Bruno Pushes Budget Reform Amendment
This article is from the archive of The New York Sun before the launch of its new website in 2022. The Sun has neither altered nor updated such articles but will seek to correct any errors, mis-categorizations or other problems introduced during transfer.
State Senator Joseph Bruno made the case for the budget reform amendment during a meeting at The New York Sun’s offices yesterday.
Should the Legislature fail to act on the governor’s budget proposal by its deadline, the amendment, Proposal 1 on November’s ballot, would require that the previous year’s budget be instituted as a contingency. The deadline for action by the Legislature would shift to May 1 from April 1.

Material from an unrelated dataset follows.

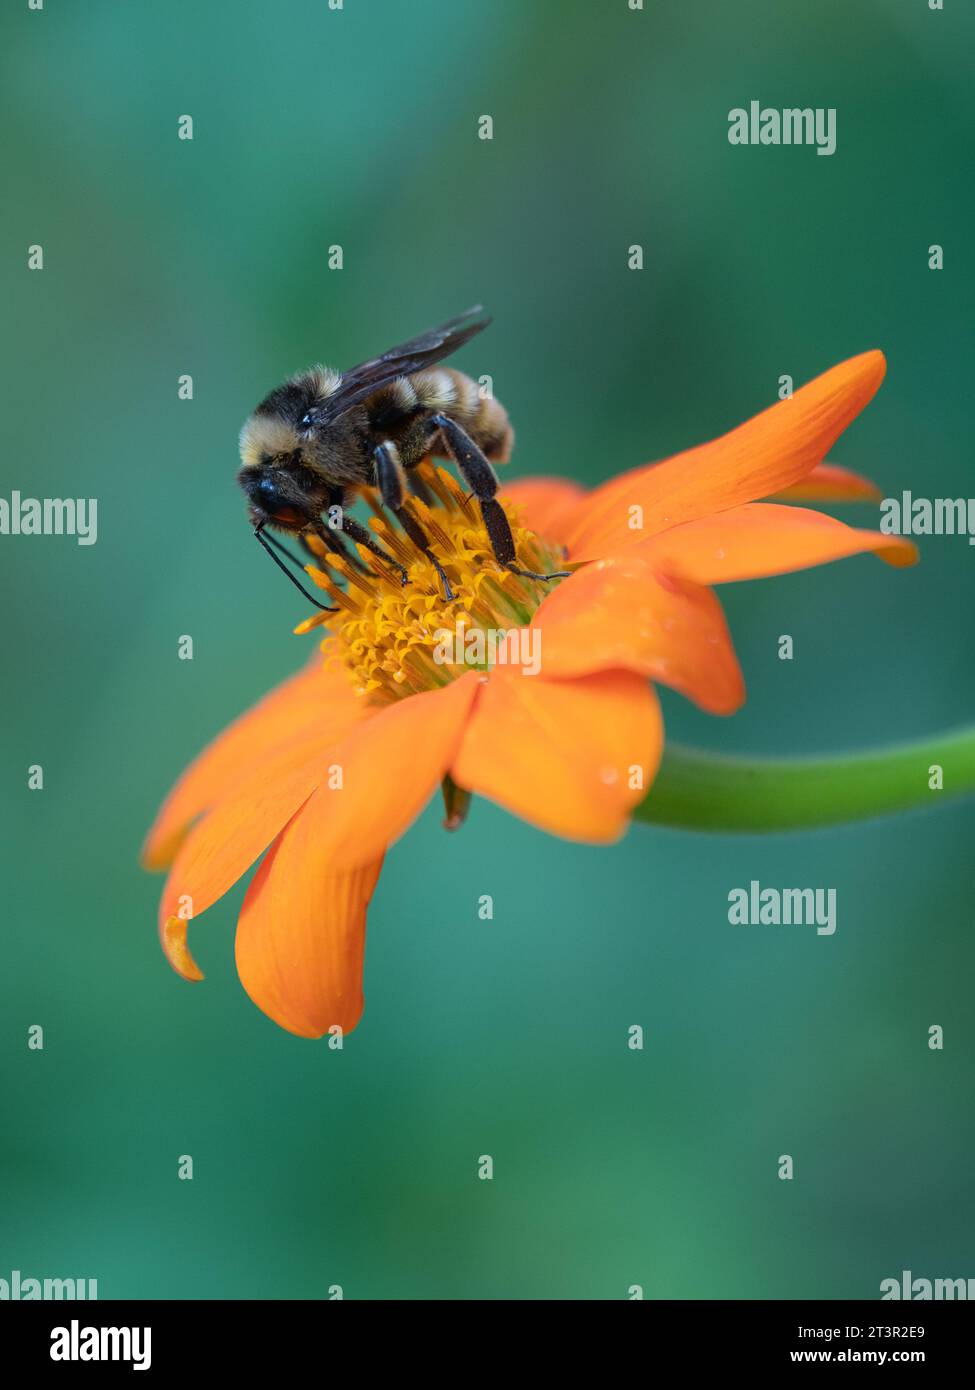 Bombus pensylvanicus, the American bumble bee, on the flower of Tithonia rotundifolia, Mexican sunflower. Stock Photo

At that point, the normal battle over additional appropriations would begin. At present, legislators not only cannot propose additional spending until they have acted on the governor’s budget, but, if they miss the deadline, they lose their salaries until they do.
“This budget reform tries to correct some of the balance and the equity in the process,” Mr. Bruno, a Republican of Rensselear County, said. Supporters of the amendment have criticized a Court of Appeals ruling last year that limited the power of legislators to alter the governor’s appropriation bills.
Because the governor would retain his line-item veto power should the amendment pass, the budget process would be “exactly what happens now, only you’ve had a late budget for 20 years,” he said. “So May 1 hits, so what? You now have a contingency in place, dollars flow to the emergency places, and now you want your project? You want other things? You have to negotiate them,” Mr. Bruno said.
He added that the amendment would impose debt caps, appropriate school aid in two-year intervals – instead of the current one year – and institute an independent budget office, based on the Congressional Budget Office in Washington, which would determine the extent of the funds available.
“You want to hold up the budget in this state, all you have to do is not agree on” the amount you have to spend, he said. Mr. Bruno was asked what he would do if the amendment passes and the Democratic Party gained control of both houses of the Legislature and the governor’s office. “I would move to any place other than New York State,” he said. “You wouldn’t be able to live here.”
Currently, the Democrats hold the majority in only the Assembly. The League of Women Voters, the New York Public Intereste Group, the AFL-CIO, the Public Employees Union, and the United Federation of Teachers have all come out in support of the amendment.
The list of groups officially opposing the amendment grew larger yesterday, with the Business Council of New York State reporting that seven new business associations had joined Stop the Amendment, a coalition of watchdog groups, fiscal policy analysts, and others seeking to defeat Proposal 1.
“Speaking with one voice for manufacturing and business throughout central upstate New York, we stand opposed to the proposed amendment, as it removes several of the important checks and balances necessary for fiscal constraint currently written into the state budget process,” the president of the Manufacturers Association, Randall Wolken, said.
The coalition’s other new members are the Business Council of Westchester, the chambers of commerce of Greater Syracuse, Mohawk Valley, and Orchard Park, and the county chambers of Plattsburgh-North and Otsego Counties.
Governor Carey, who saw New York through its fiscal crisis of the late 1970s, is chairman of the coalition, which currently includes the Manhattan Chamber of Commerce, the National Federation of Independent Business, and two state budget directors under Governor Cuomo, Wayne Diesel and Dall Forsyth, among others.
Both Governor Pataki and Attorney General Elliot Spitzer, the presumed Democratic candidate for governor in 2006, also oppose the amendment, as do Mayor Koch and Seymour Lachman, a Democratic state senator from Brooklyn from 1996 to 2004.